- [Exercise description]: Would you reproduce the whole listing exactly, minus its images?

[[ Dataset content, beginning ]]

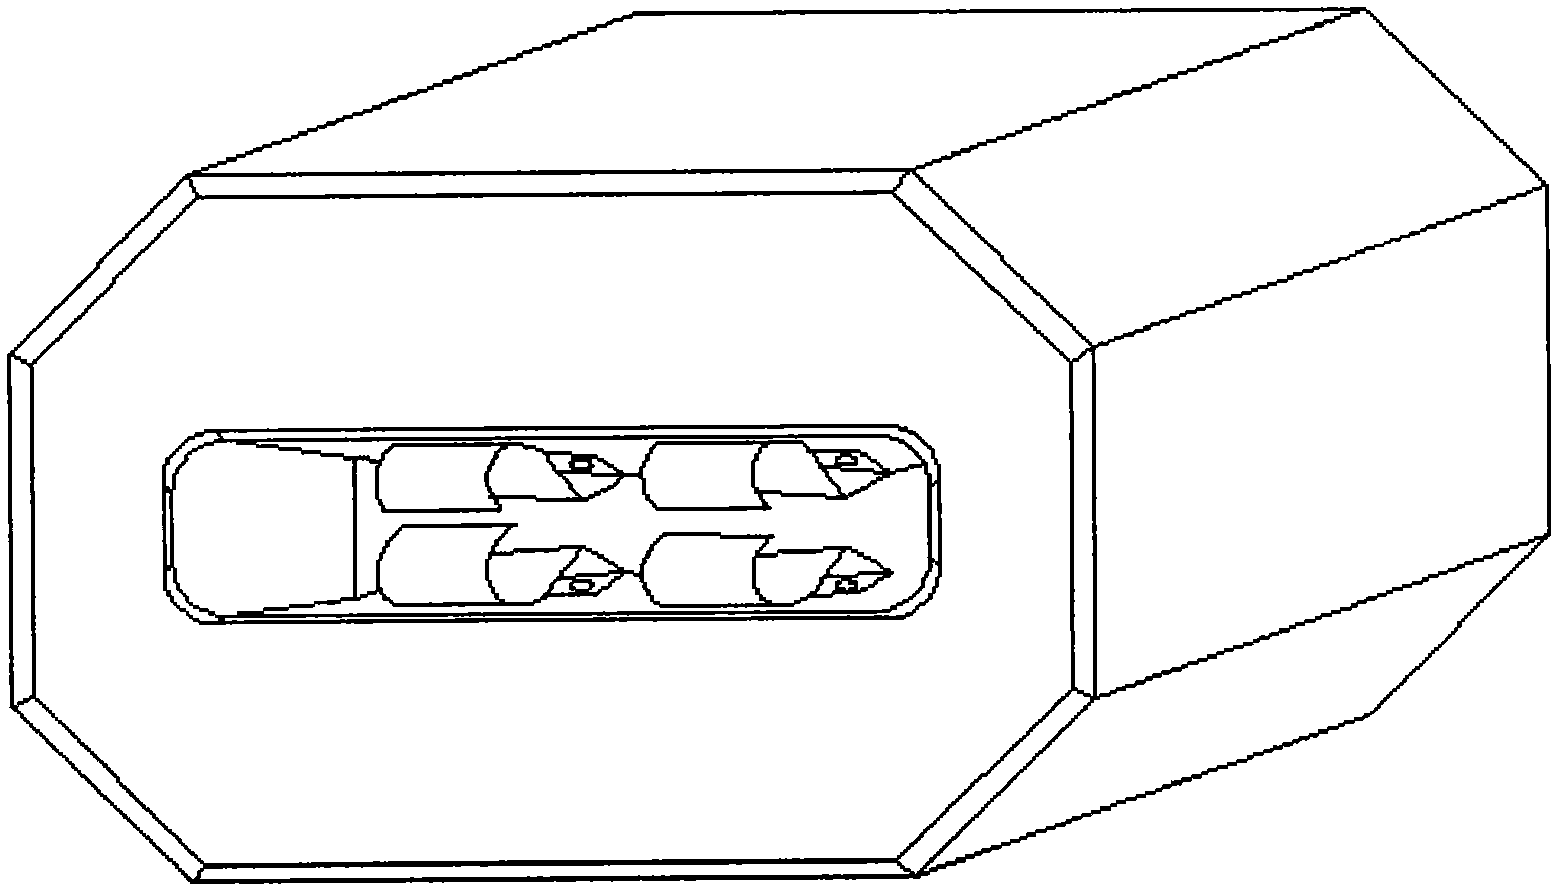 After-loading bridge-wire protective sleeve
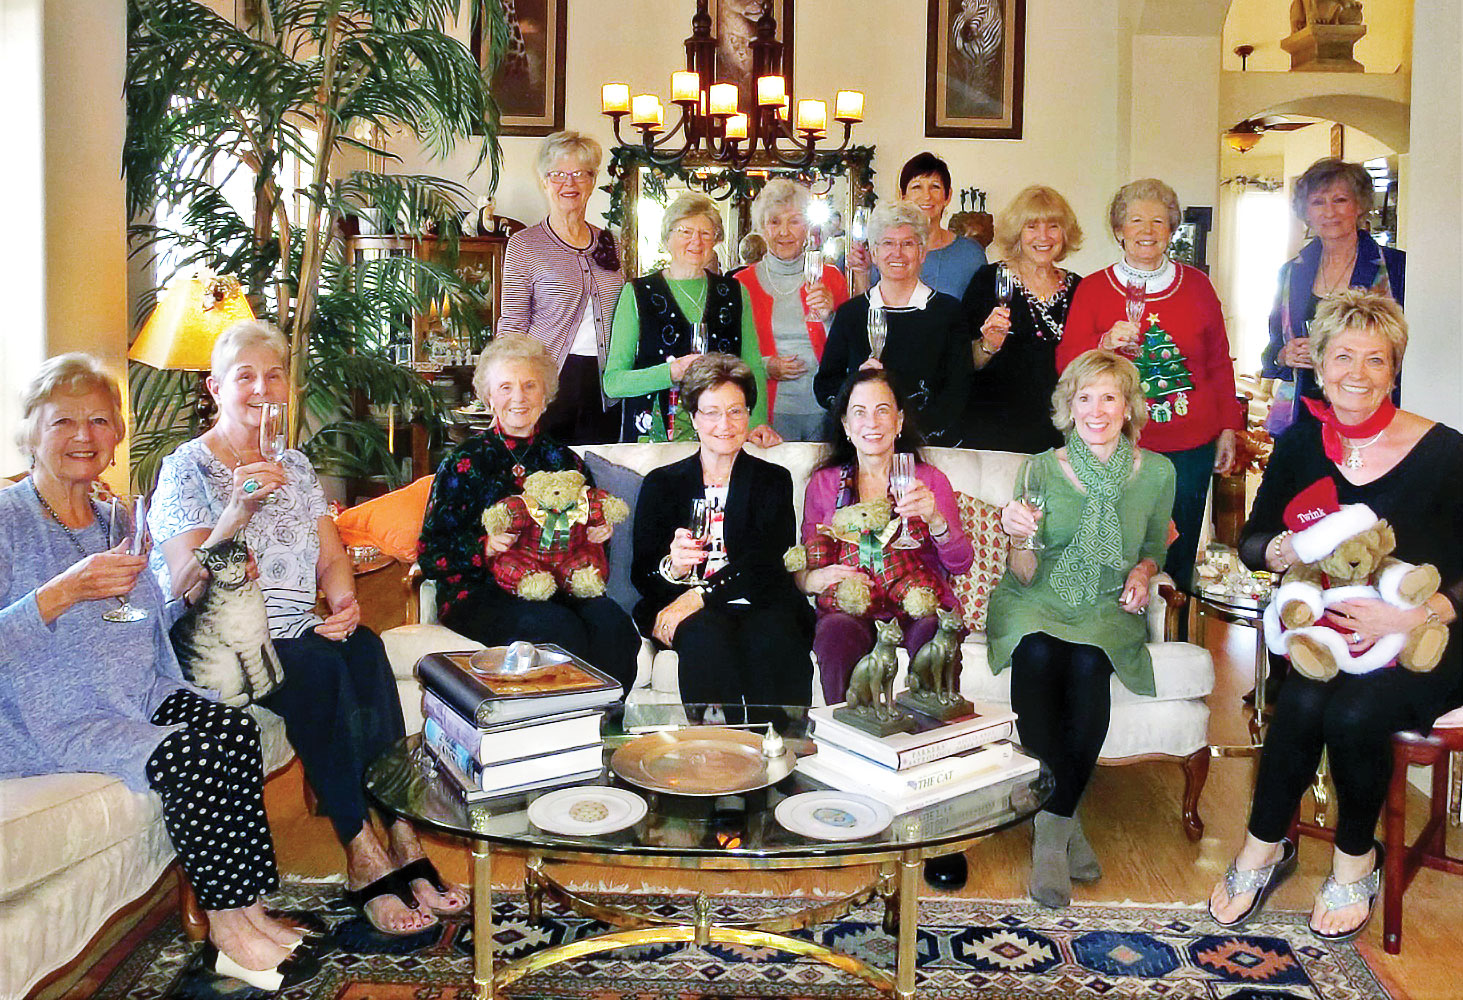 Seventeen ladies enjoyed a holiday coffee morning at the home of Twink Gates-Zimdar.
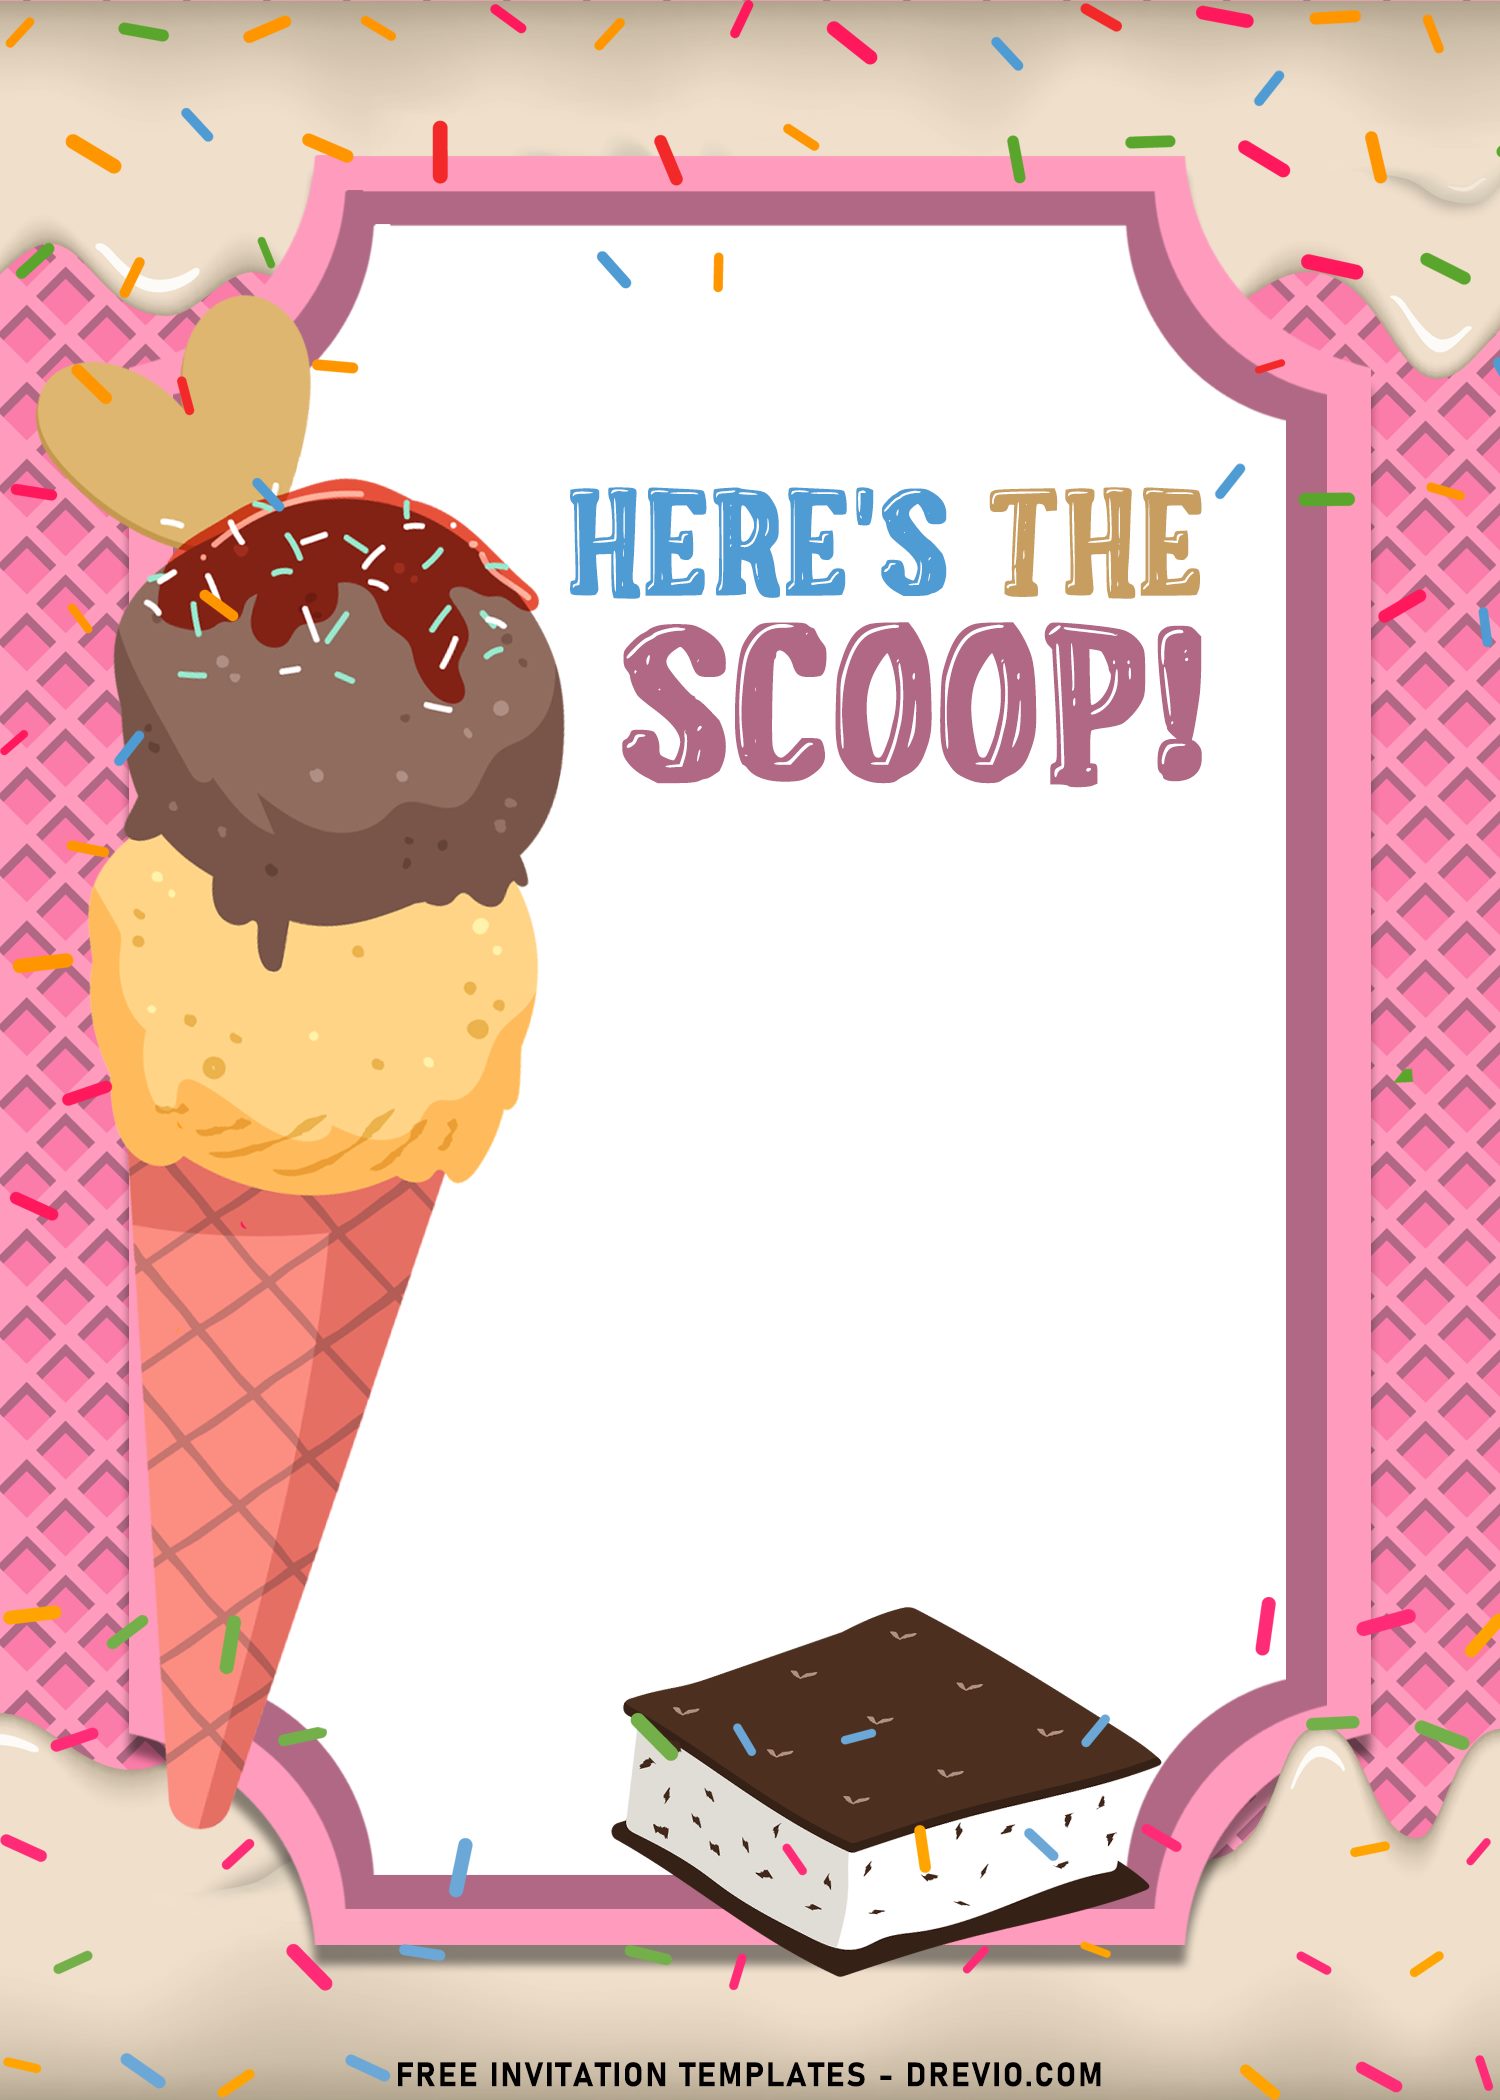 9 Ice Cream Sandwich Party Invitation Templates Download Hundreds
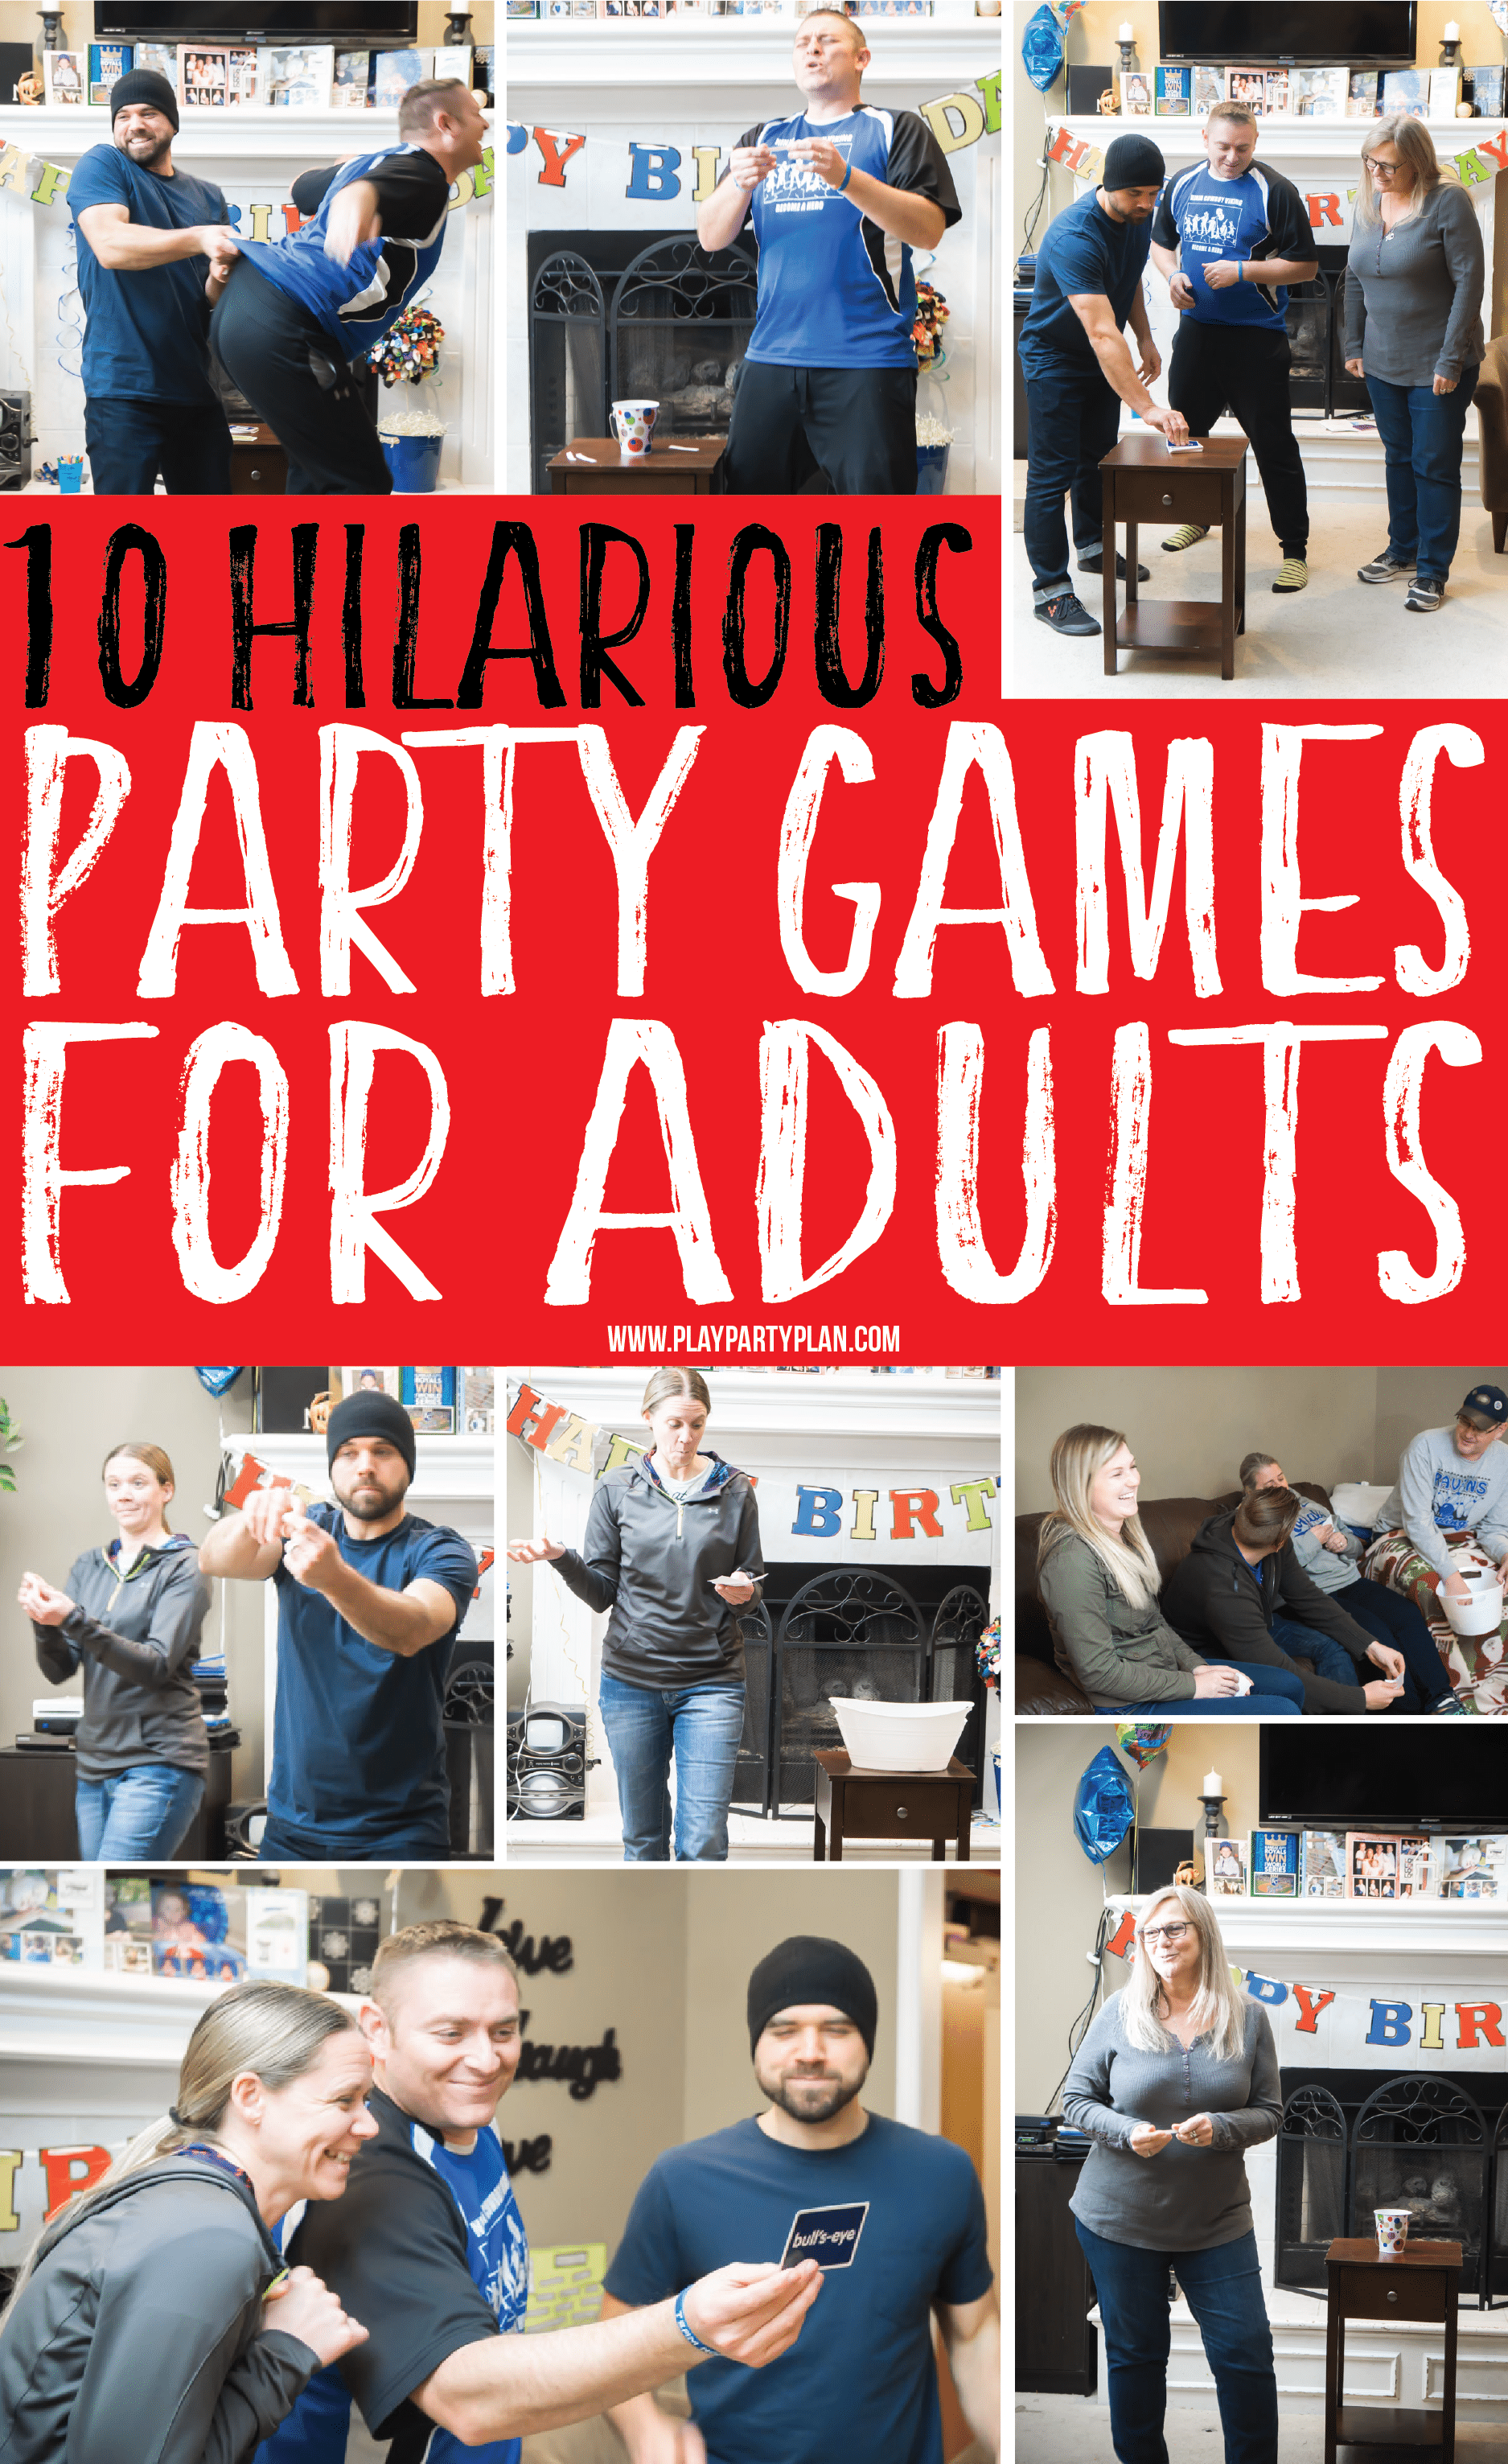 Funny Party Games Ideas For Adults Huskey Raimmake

[[ Dataset content, end ]]

- [Task solution]:
 After-loading bridge-wire protective sleeve
 Seventeen ladies enjoyed a holiday coffee morning at the home of Twink Gates-Zimdar.
 9 Ice Cream Sandwich Party Invitation Templates Download Hundreds
 Funny Party Games Ideas For Adults Huskey Raimmake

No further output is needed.